PROBLEM LINK:

PRACTICE
Editorialist:Aditya Verma

DIFFICULTY:

EASY

PREREQUISITES:

Binary Representation

PROBLEM:

Santa has already distributed gifts to children in all other countries. Only the last two are left - country A and country B. As he proceeds to fly towards these neighboring countries in his magical sleigh, he finds out that Rudolph, his reindeer, in search for a snack, has mixed the last N gifts that Santa had so precisely distributed into two different sacks, one for the children in country A and the other for those in country B. Santa starts separating the gifts again, but he realizes he will be late and it will be dawn before he finishes distributing gifts to all the children. Help Santa in separating the gifts and be on time for all the children in these two countries.

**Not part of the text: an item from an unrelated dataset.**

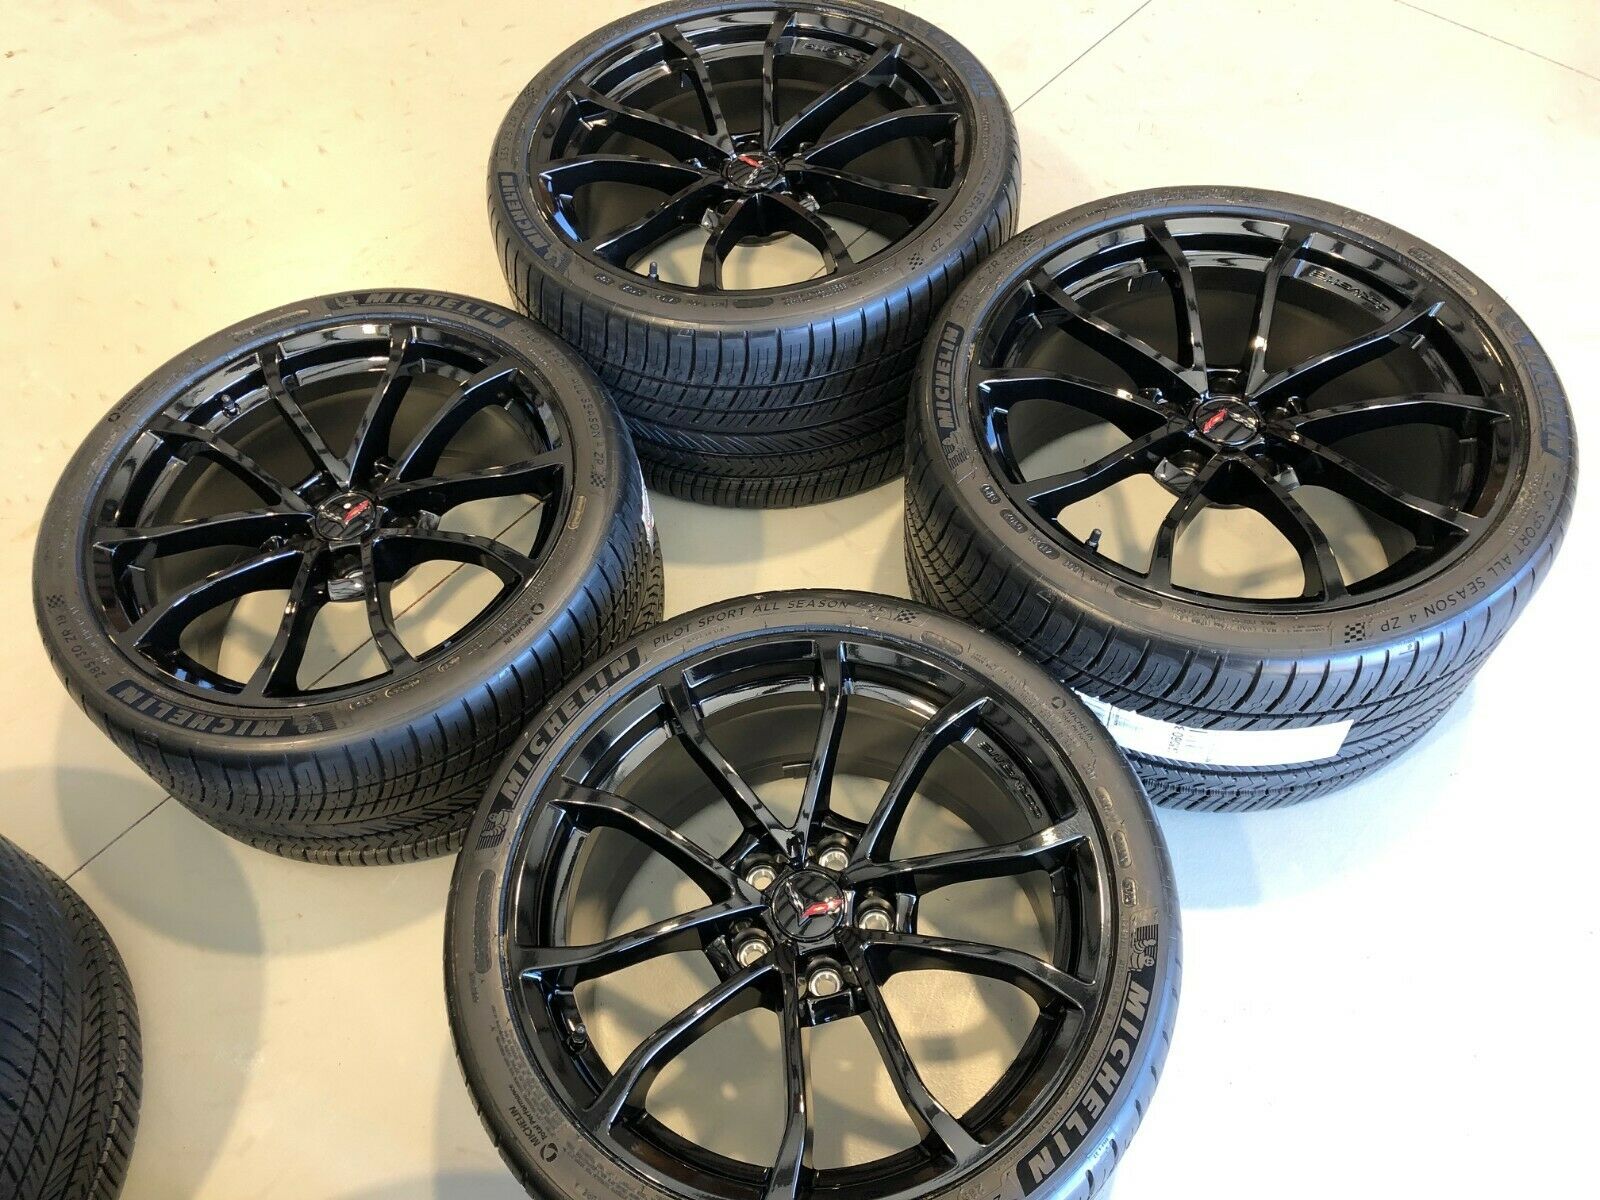 https://www.corvettegarage.com/wp-content/uploads/c7-gm-grand-sport-wheel-tire-package_gloss-black_03.jpg

Each gift is marked with a number. If the binary representation of the number is a series of alternating digits, the gift goes into Sack A, else it goes into Sack B.

EXPLANATION:

We have to check for every number that its binary representation is alternating bits or not(101010…01).For ex: 5 has 101 binary representation, so it will goes to sack A otherwise sack B. We can get binary representation by cur=n%2 till n!=0 and if next n%2 is also same as cur then it is not alternating.

SOLUTION:

 #include <iostream>
using namespace std;
int main(void){
    
    int t,num,n,flag=0;
    cin>>t;
    while(t--)
    {
        cin>>num;
        int arr[num];
        for(int i=0;i<num;i++)
        {  
            flag=0;
            cin>>arr[i];
            n=arr[i];
            while(n>0)
            {
                int cur=n%2;
                n/=2;
                if(cur==n%2) 
                    flag=1;
            }
            if(flag==0)
                cout<<"Sack A"<<endl;
            else
                cout<<"Sack B"<<endl;
        }
        cout<<""<<endl;
    }
       
}